Hello, I'm looking for opinions on free Bible software. Mostly opinions about theWord. I used E-Sword for years and loved it, but since I started using theWord, I think it's a nice upgrade over E-Sword. I put together a collection of Van Til books for use in theWord, and I was blown away that it preserved all of the hyperlinks I created. The only downside I've found with theWord is a popup every time I start it up now, asking for donations, it's annoying but not a big deal for the blessing of using such amazing software. Here is a link to a site with many modules: TheWord Modules Library Anybody have links to additional sites with modules?


----------



## DMcFadden

You found the site I was planning to recommend. My "TheWord" collection numbers well over 2,000 volumes -- almost all of them FREE!

TheWord has some search capacities that improve over e-Sword. However, for ease of use, e-Sword is a VERY nice program and VERY fast. If you want to stick with free programs, these are the two best I have found.

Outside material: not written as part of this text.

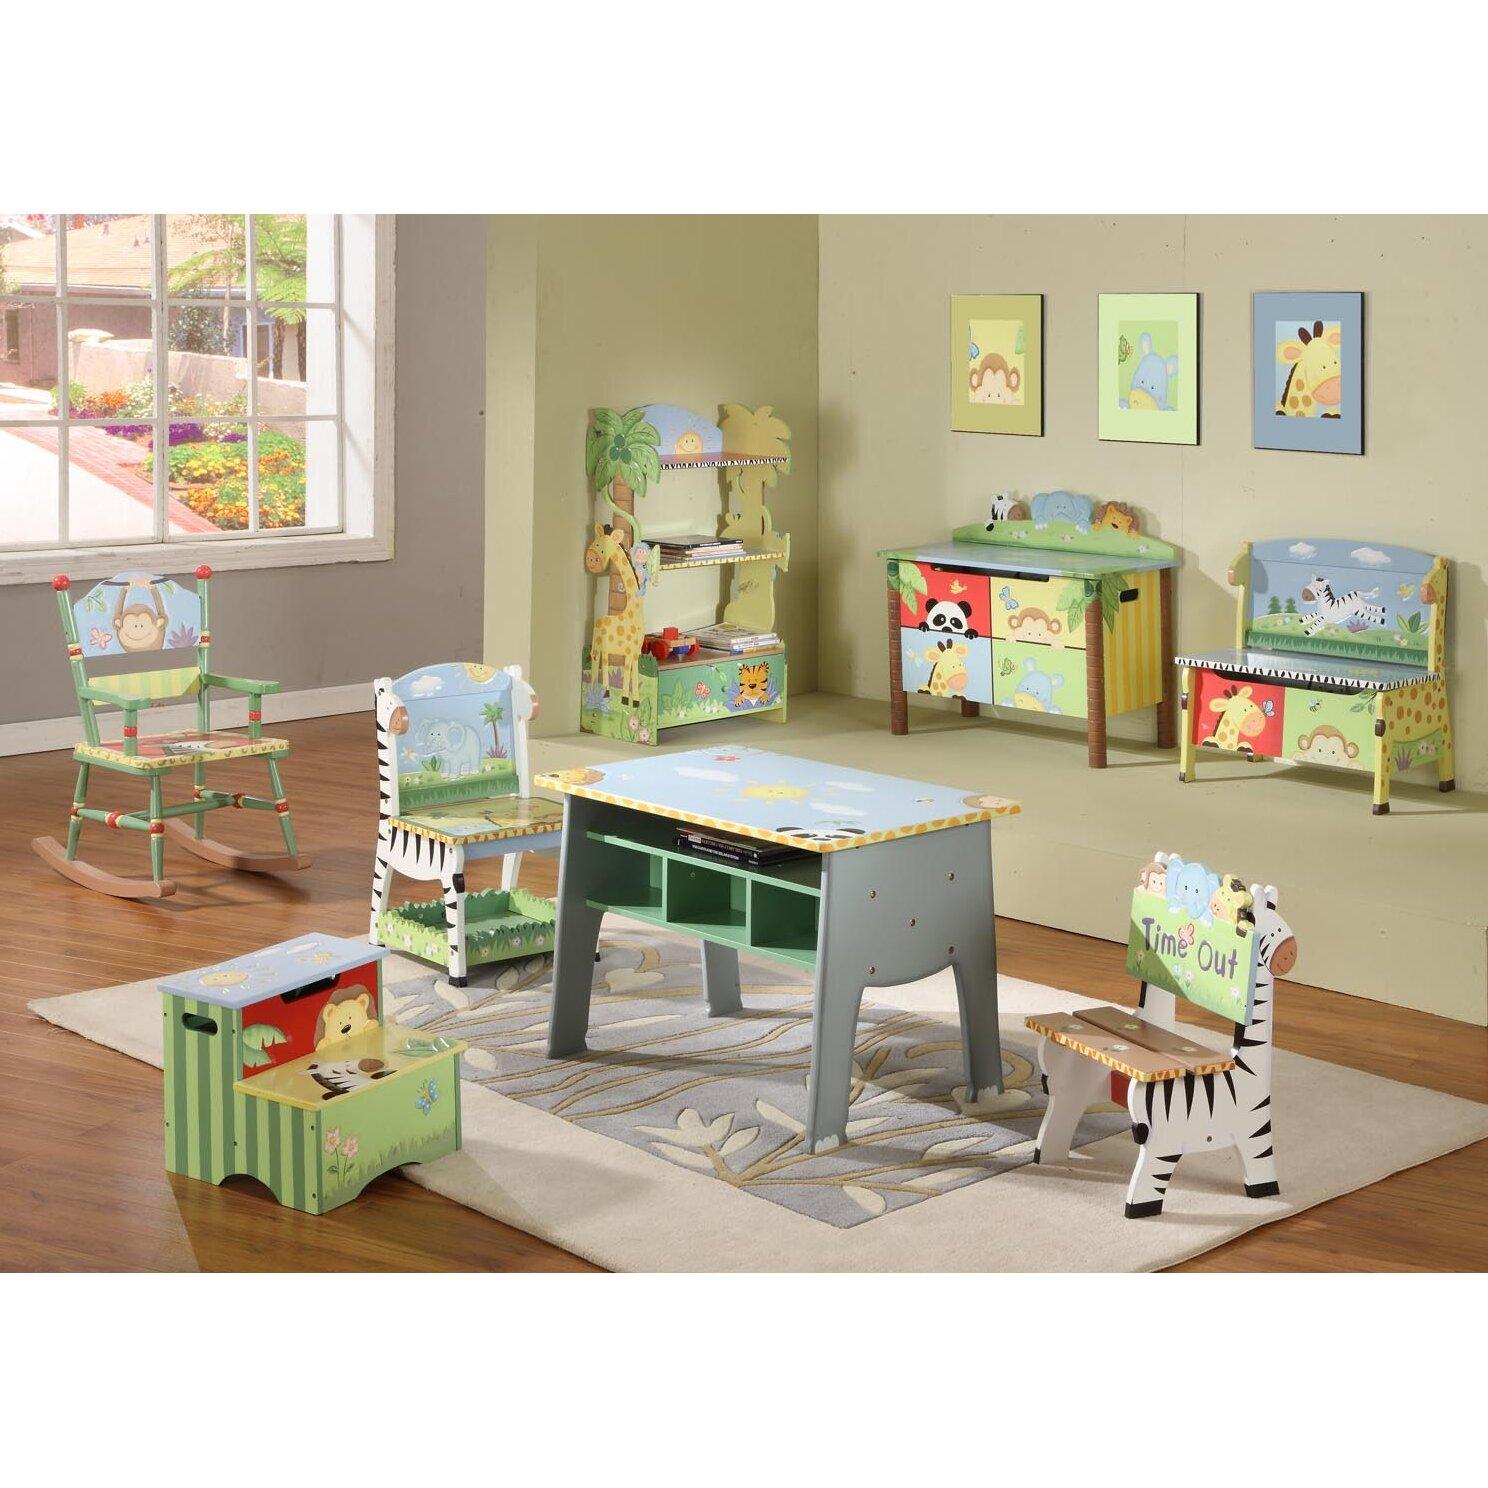 fantasy fields sunny safari kids arts and crafts table. Black Bedroom Furniture Sets. Home Design Ideas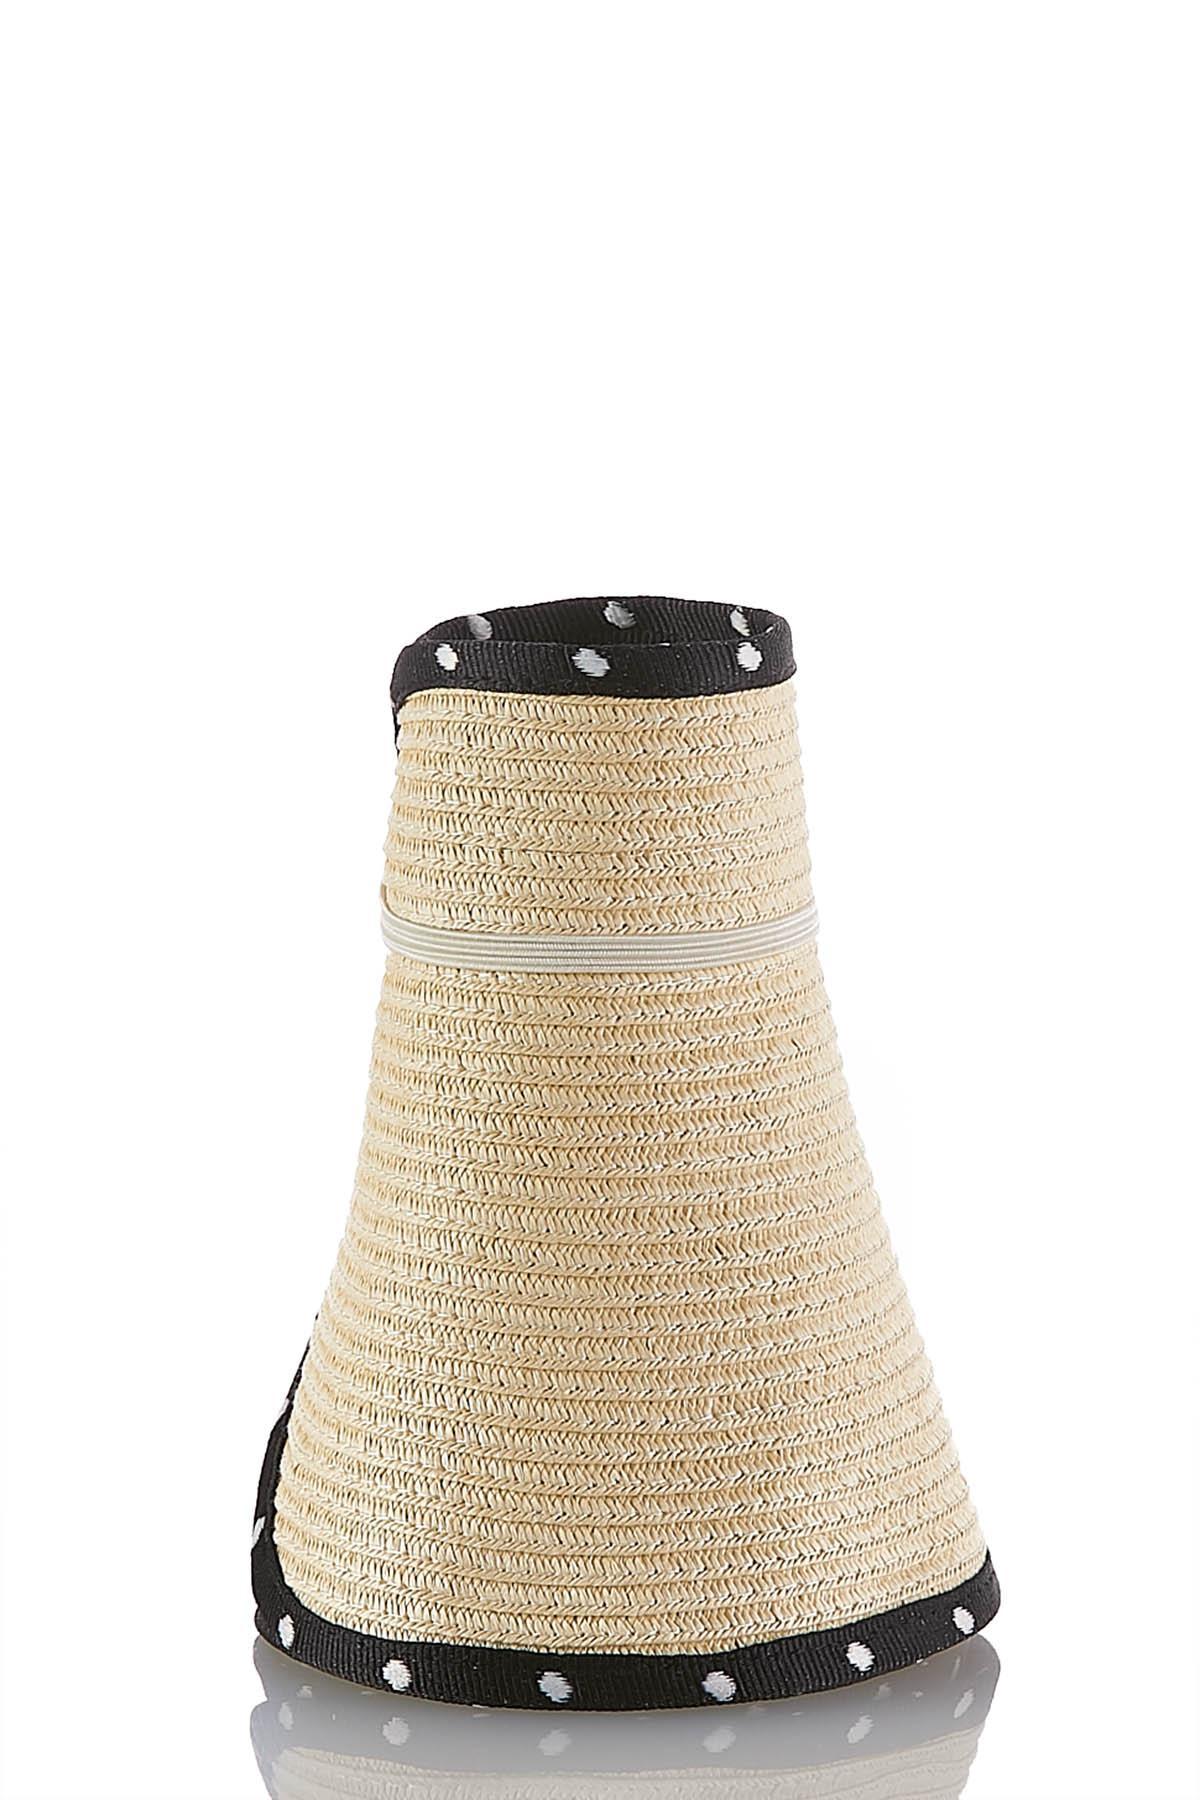 Polka Dot Visor Floppy Hat (Item #43846174)

A lot of the modules for TheWord are produced by fundamentalists with a dispensational bent. It would be great if some Reformed folks starting uploading and posting solid Reformed works. As it is, however, you can get a surprisingly nice collection of books.


----------



## Grillsy

What are some other advantages of theWord over Esword?


----------



## Apologist4Him

Grillsy said:


> What are some other advantages of theWord over Esword?



Here is a link to page listing some features: Best Bible software available, The Word! Features | Explore it's capabilities |

And here is a link to a comparison: DCox: Comparing theWord features besides e-Sword

There are a number of features in theWord not found in E-Sword. For example, you can highlight any resource, you can link any resource, turn strong's numbers, cross references, footnotes, morphological codes on or off in any bible translation. theWord also runs faster on my puter. Perhaps one of the best features is how easy it is to create modules.

---------- Post added at 11:44 PM ---------- Previous post was at 11:33 PM ----------




DMcFadden said:


> You found the site I was planning to recommend. My "TheWord" collection numbers well over 2,000 volumes -- almost all of them FREE!
> 
> TheWord has some search capacities that improve over e-Sword. However, for ease of use, e-Sword is a VERY nice program and VERY fast. If you want to stick with free programs, these are the two best I have found.
> 
> A lot of the modules for TheWord are produced by fundamentalists with a dispensational bent. It would be great if some Reformed folks starting uploading and posting solid Reformed works. As it is, however, you can get a surprisingly nice collection of books.


 
Nice, you have a larger collection than me... Oh yeah I would love to find a Reformed website dedicated to Reformed modules...available for free download! I would start one myself if I had the means to do it.


----------



## Berean

Andrew how are the screen fonts in _theWord_? From many of the screen shots I've seen it looks a bit like it's running on Windows 3.1. Do they appear normal and smooth?

Screen shot: http://www.theword.net/files/screenshots/general-normal-2.png


----------



## Apologist4Him

Norm, I run theWord using Windows XP, see the attachment for a screenshot from my puter. Nvm, attachment is too small and low quality. The fonts look great and they are adjustable.


----------



## Berean

Thanks for the efforts, Andrew. I'll give it a shot.


----------



## DMcFadden

If you want to jump start your facility with theWord, check out the training vids @ The Word Bible Software Modules


----------



## Berean

Andrew, thanks again for bringing this great software to my attention. I actually prefer it over eSword due to its functionality, speed, and the endless ways you can customize it. Being able to go full-screen temporarily with any module is great. Fonts are totally adjustable and the layout is clean. I found the short training videos that Dennis posted to be very helpful in giving the new user a quick start.

This site has many resources (modules) that are Reformed. My 4shared - shared folder theWord Modules


----------



## TomVols

I've always preferred Online Bible

Online Bible North America

Very powerful. A friend of mine spent $500 on the Logos super-duper system, and ditched it for OLB. I've been using it for over 20 years.


----------